Koah discovered that a basic RAG system for ad serving is ineffective. Embedding models can match keywords (e.g., 'Civil War' query to a 'Civil War' game) but fail to grasp the user's underlying intent (e.g., homework vs. entertainment). True contextual relevance requires more sophisticated AI.
Koah's founders developed deep empathy for their customers by first failing to monetize their own apps. This firsthand struggle with unsustainable "dark patterns" gave them the conviction and nuanced understanding necessary to build a product that truly solves the problem for other developers.
To combat the startup tendency of building too many features, Koah's CPO forces the team to answer, "If you could literally only work on one thing, what would it be?" This constraint cuts through noise and exposes the true top priority, accelerating focused development.
Unlike transactional search engine queries, user interactions with AI tools are typically top-of-funnel and exploratory. Monetization strategies must acknowledge this by guiding users from curiosity to purchase, rather than expecting direct conversions as seen in traditional search advertising.
Instead of viewing competitors as threats, Koah sees them as beneficial. In a new space like AI advertising, rival companies help educate the market and normalize the business model. Their collective efforts build legitimacy faster than a single company could alone.

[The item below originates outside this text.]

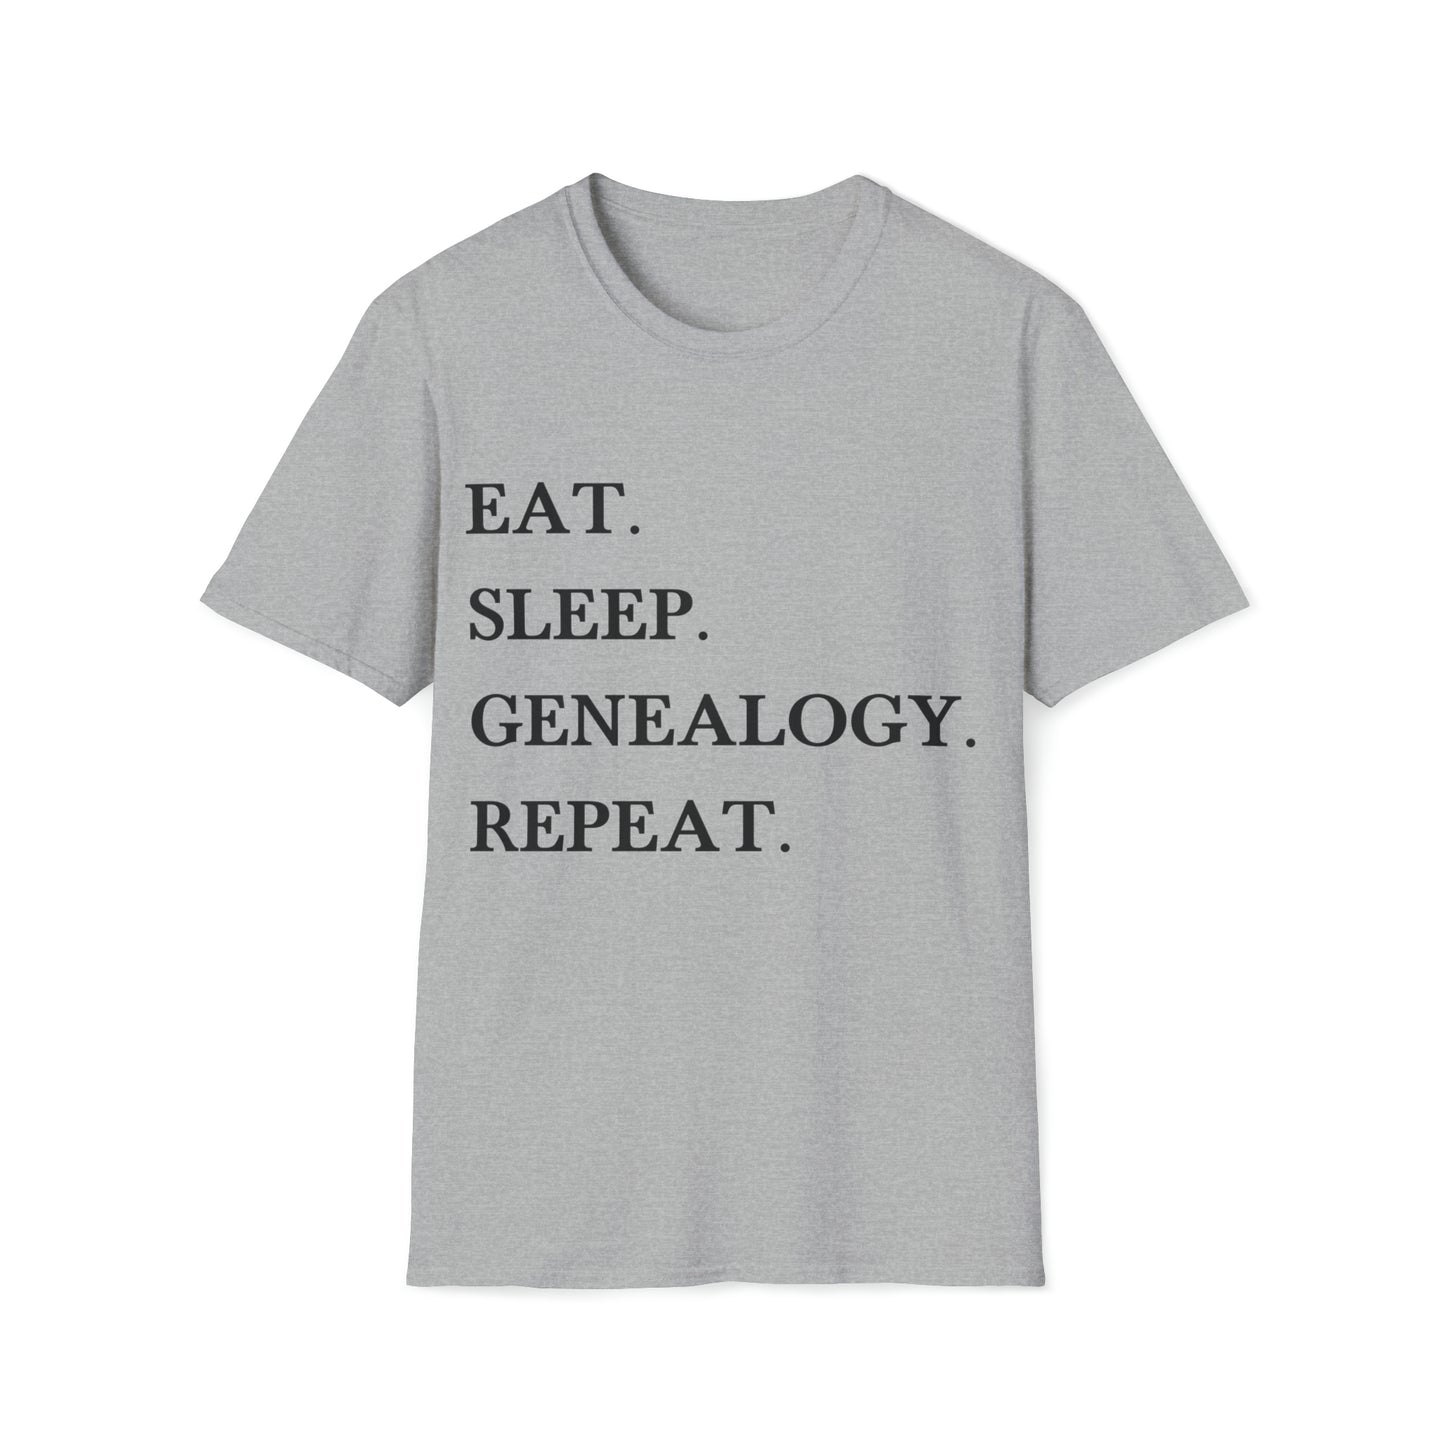 Eat. Sleep. Genealogy. Repeat. T-Shirt
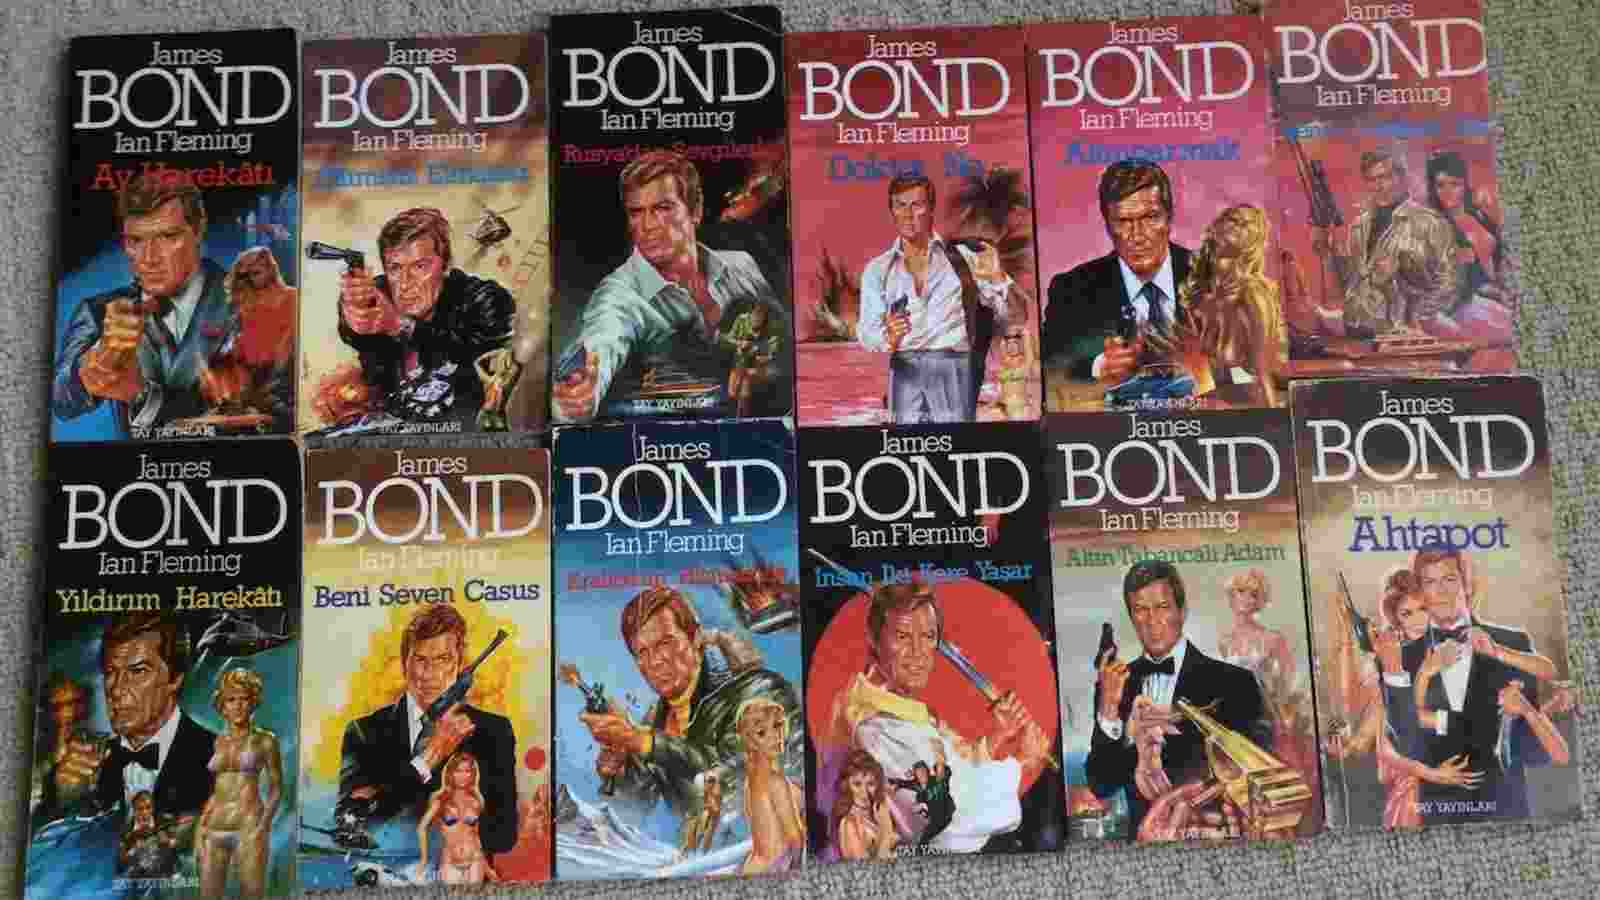 Ian's Bond series books

Koah's CPO suggests replacing the term "ads" with "sponsored commercial experiences." This reframes monetization from intrusive banners to interactive, value-adding engagements, making it more palatable for developers and advertisers in the new AI paradigm.
Koah's ability to build and iterate quickly isn't an accident; it's a "muscle" developed from their prior experience of launching a new app every month. This history of constant, low-stakes launches normalized failure and overcame the fear of shipping imperfect products.